Другая сторона внешнего касается, как мы видели, того чувственного материала как такового, которым пользуется искусство в своих изображениях. Здесь единство состоит в простой определенности и одинаковости материала внутри себя, который не должен нарушать свою чистоту неопределенностью различий и смешением черт.
И это определение относится лишь к пространственному элементу в произведении искусства, к чистоте, например, очертаний, к четкости прямых линий, кругов и т. д. Оно относится также к твердо установленной определенности времени, например к точному соблюдению такта. Далее, это определение относится к чистоте определенных музыкальных звуков и цветов. Например, цвета в живописи должны быть не серыми и нечистыми, а ясными, определенными и простыми в себе. Их чистая простота составляет с этой чувственной стороны красоту цвета и простейшие цвета производят в этом отношении самое сильное впечатление: например, чистый желтый цвет, не переходящий в зеленый; красный цвет, не имеющий синего или желтого оттенка, и т. д.
Правда, при наличии этой неизменной простоты трудно сохранять одновременно гармонию цветов.
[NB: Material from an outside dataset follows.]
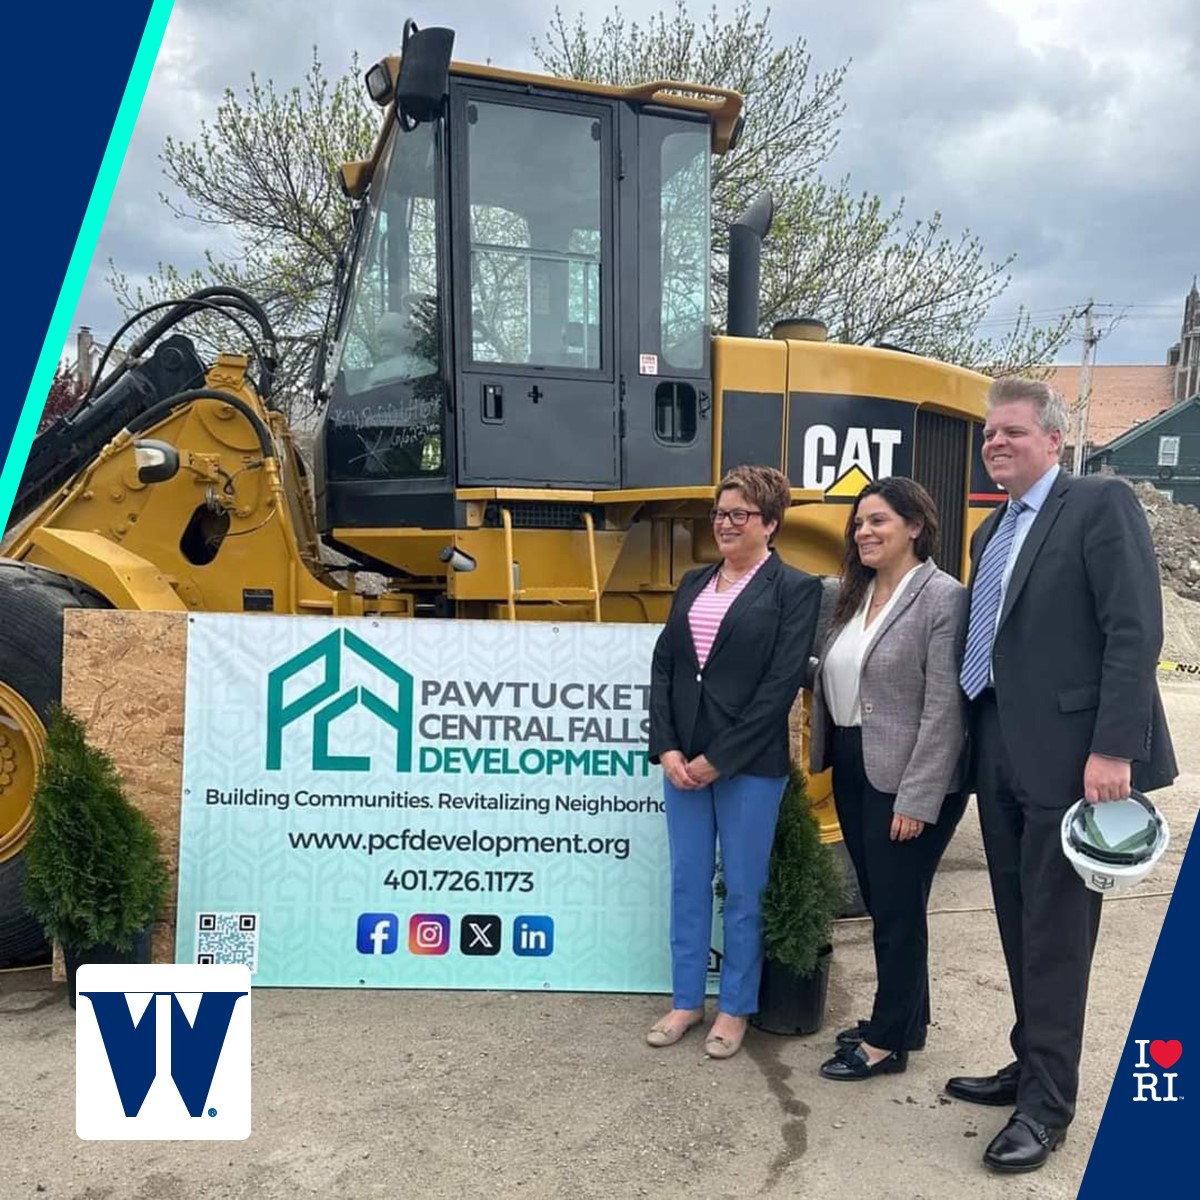 Congratulations to our partners @PCF_Development for groundbreaking their Central Street Development. We are proud to support their work to provide access to #affordablehousing and important services right in Pawtucket and Central Falls! __ What we value is you.™ #WashTrust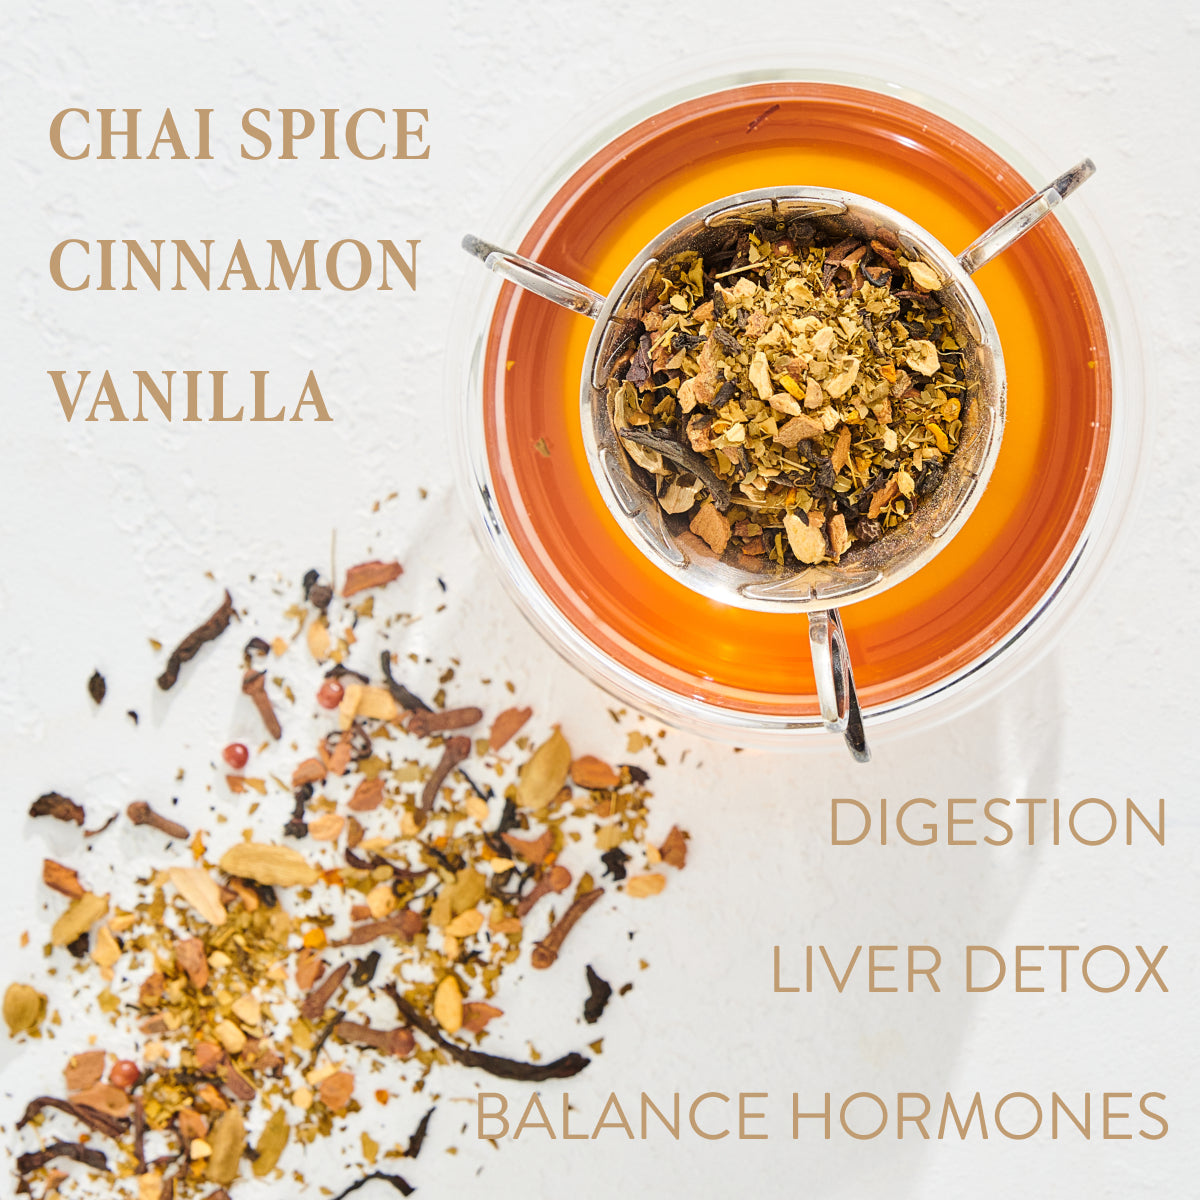 A glass cup filled with Moringa Moon Herbal Tea sits on a clear saucer. Loose leaf tea is scattered next to the cup. Text on the left reads "Chai Spice, Cinnamon, Vanilla." Text on the right reads "Digestion, Liver Detox, Balance Hormones." Enjoy the magic of organic tea with every sip from Club Magic Hour.

Однако эти простые в себе цвета образуют ту основу, которая не должна быть полностью затушевана, и, хотя и нельзя обойтись без смешения цветов, они должны выступать не в тусклом беспорядке, а являться ясными и простыми в себе, ибо в противном случае и» светозарной ясности цвета получится только грязь.
То же требование мы должны предъявить и к звуку музыкальных тонов. В металлической или жильной струне, например звук производится вибрированием материала, и притом вибрированием струны определенного напряжения и длины; если ослабить это напряжение или брать струну ненадлежащей длины, тон потеряет свою ясную определенность и будет звучать фальшиво, смешиваясь с другими тонами. То же самое произойдет, если вместо чистого колебания и вибрирования будет слышно механическое трение и поглаживание в качестве шума, примешанного к звуку тона как такового. Звук человеческого голоса также должен исходить чисто и свободно из гортани и груди; при этом не должны звучать сами органы речи или слышаться какие-нибудь неопределенные препятствия, как это бывает при сиплых звуках. Эта свободная от всякой чужеродной примеси прозрачность и чистота в ее неизменной, не нарушаемой колебаниями определенности и создает ту чисто чувственную красоту звука, которая отличает его от шумов, щелканья и т. д.
То же самое можно сказать и о языке, главным образом о гласных. Язык, в котором гласные — а, е, и, о, у — произносятся определенно и чисто, как, например, в итальянском языке, благозвучен и подходит для пения; дифтонги, напротив, всегда дают смешанный звук. На письме звуки речи сводятся к немногим всегда одинаковым знакам и выступают в своей простой определенности. В разговоре эта определенность слишком часто стирается, так что особенно в народных наречиях — например, в южнонемецком, швабском, швейцарском — имеются звуки, которые нельзя передать на письме вследствие их смешанного характера. Но это не является недостатком литературного языка, а имеет своим источником тяжеловесность простонародных выражений.
Мы можем ограничиться сказанным относительно внешней стороны художественного произведения, которая в качестве чисто внешней способна получить лишь внешнее и абстрактное единство.
Но согласно более определенному пониманию идеала духовная конкретная индивидуальность последнего вступает во внешний материал, чтобы воплотить в нем себя. Следовательно, внешняя сторона художественного произведения должна всецело проникнуться этим внутренним духом и той целостностью, которым она призвана дать выражение. Для этого оказываются недостаточными голая правильность, симметрия и гармония, иными словами, простая определенность чувственного материала. Это приводит нас ко второй стороне внешней определенности идеала.